The Body Artist by Don DeLillo An artist discovers a mysterious stranger in her house after her husband's death, creating a meditation on grief, time, and the spaces between people.
Never Let Me Go by Kazuo Ishiguro Students at a boarding school gradually discover the truth about their existence in a story that uses science fiction elements to explore human connection and loss.
The Echo Maker by Richard Powers A cognitive neurologist becomes involved with a patient suffering from Capgras syndrome after a mysterious accident, leading to questions about consciousness and identity.
Atmospheric Disturbances by Rivka Galchen A psychiatrist becomes convinced his wife has been replaced by an exact double, leading him on a quest that blends scientific theory with personal delusion.
The Body Artist by Don DeLillo An artist discovers a mysterious stranger in her house after her husband's death, creating a meditation on grief, time, and the spaces between people.

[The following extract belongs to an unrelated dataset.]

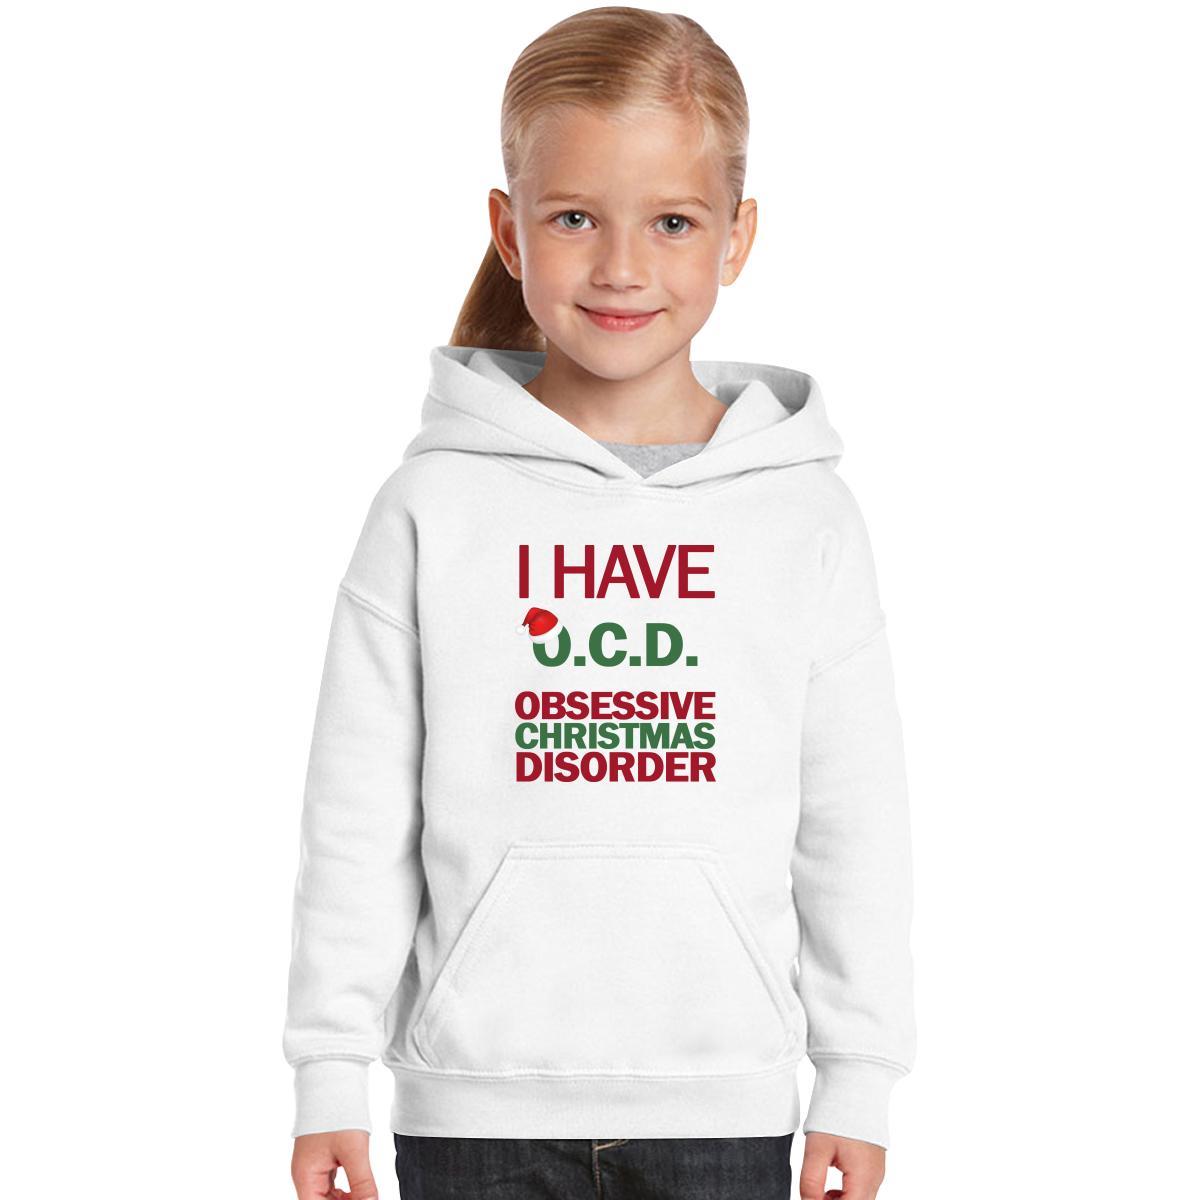 I Have O.C.D. Obsessive Christmas Disorder Kids Hoodie   Customon.com

Never Let Me Go by Kazuo Ishiguro Students at a boarding school gradually discover the truth about their existence in a story that uses science fiction elements to explore human connection and loss.
🤔 Interesting facts
🔸 The book's title is a playful reference to "Alice in Wonderland," with both stories featuring a protagonist named Alice who follows a mysterious entity down a metaphorical rabbit hole.
🔸 During the writing of this novel, Lethem was inspired by the film "Alphaville" by Jean-Luc Godard, which similarly explores themes of artificial intelligence and human emotion.
🔸 The concept of selective void behavior in the novel parallels real quantum physics phenomena like the "quantum tunneling effect," where particles appear to pass through barriers they shouldn't be able to cross.
🔸 Jonathan Lethem wrote this book while working as a clerk at used bookstores in Berkeley, California, which helped inform the novel's academic setting.
🔸 The character of Lack draws parallels to the philosophical concept of "nothingness" explored by Jean-Paul Sartre and other existentialist thinkers, blending scientific and philosophical traditions.